The case targets Amazon’s European division along with four senior executives, marking one of the most significant tax-related investigations involving a global e-commerce platform in Europe.

Trial Push Despite Multi-Million Euro Settlement

The move comes even after Amazon reached a financial settlement with Italian tax authorities in December, agreeing to pay around ₹5,500 crore (€527 million), including interest, to resolve part of the dispute.

Typically, such settlements lead to the closure of criminal investigations. However, Milan prosecutors have opted to proceed, signaling a tougher stance on alleged corporate tax violations.

A preliminary hearing is expected in the coming months, where a judge will decide whether to formally indict the company and its executives or dismiss the case.

Allegations of VAT Evasion Through Marketplace Sellers

At the center of the investigation are claims that Amazon’s platform enabled non-European Union sellers to avoid paying value-added tax (VAT) on goods sold to Italian consumers between 2019 and 2021.

Prosecutors allege that the company’s marketplace structure allowed thousands of foreign vendors—many reportedly based in China—to operate without fully disclosing their identities or tax obligations. This, authorities argue, led to substantial VAT losses for the Italian government.

Under Italian law, online platforms facilitating sales can be held partially liable if third-party sellers fail to comply with tax requirements, a key point in the prosecution’s case.

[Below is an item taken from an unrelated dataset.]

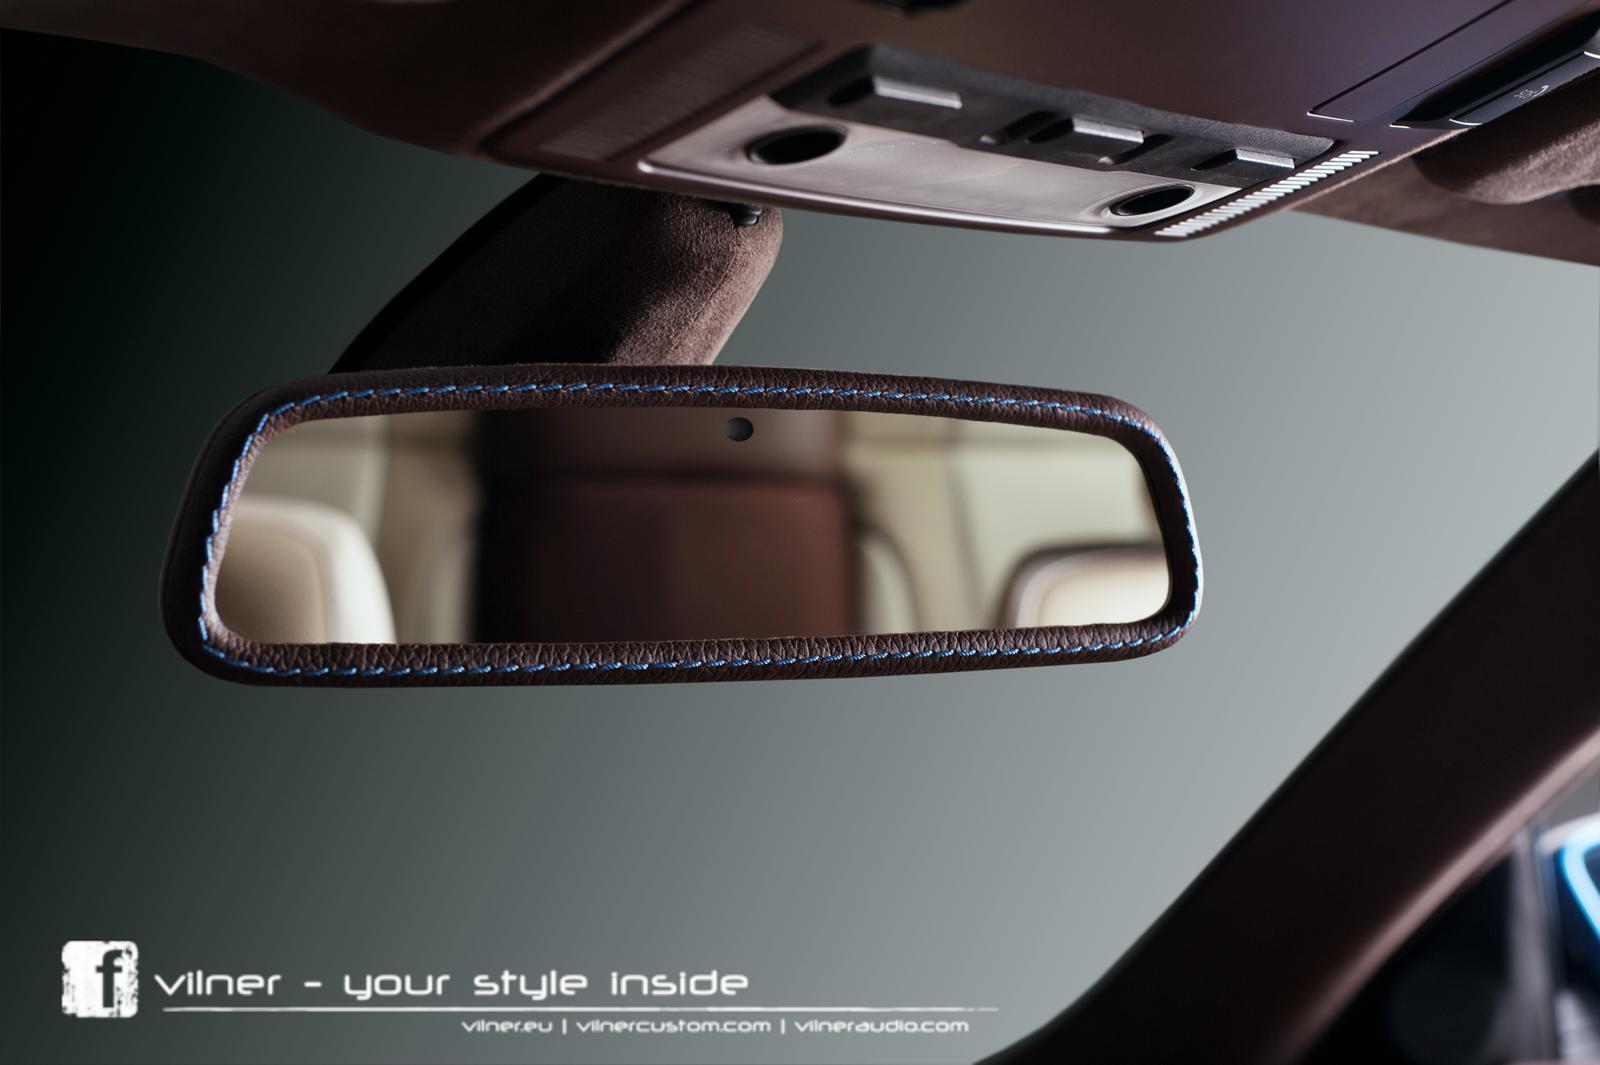 vilner tuned bmw 6 series bullshark interior rear view mirror. Black Bedroom Furniture Sets. Home Design Ideas

Italian Government Named as Affected Party

In their filing, prosecutors identified Italy’s Economy Ministry as the injured party, citing significant financial damage resulting from the alleged tax evasion.

Legal experts say the outcome of the case could have wide-ranging implications across the European Union, where VAT systems are harmonized and similar compliance rules apply to digital marketplaces.

Multiple Investigations Add to Pressure

The VAT probe is just one of several legal challenges facing Amazon in Italy. The European Public Prosecutor’s Office is reportedly examining additional tax-related issues covering more recent years.

Meanwhile, Milan authorities are pursuing separate investigations into alleged customs fraud linked to imports from China and whether Amazon maintained an undeclared “permanent establishment” in Italy—potentially exposing it to higher tax liabilities.

In a separate regulatory action, Italy’s data protection authority recently ordered an Amazon unit to stop using personal data from over 1,800 employees at a warehouse near Rome.

Amazon Denies Allegations

Amazon has consistently denied wrongdoing and indicated it will strongly contest the allegations in court if the case proceeds. The company has also warned that prolonged legal uncertainty could impact investor confidence and Italy’s appeal as a destination for international business.

Broader Impact on Europe’s Digital Economy

If the case moves to trial, it could become a landmark moment for the regulation of global e-commerce platforms in Europe. Governments across the region are increasingly scrutinizing how digital marketplaces handle tax compliance, especially in cross-border transactions.

With online retail continuing to expand, regulators are under mounting pressure to ensure that multinational platforms and third-party sellers adhere to the same tax rules as traditional businesses.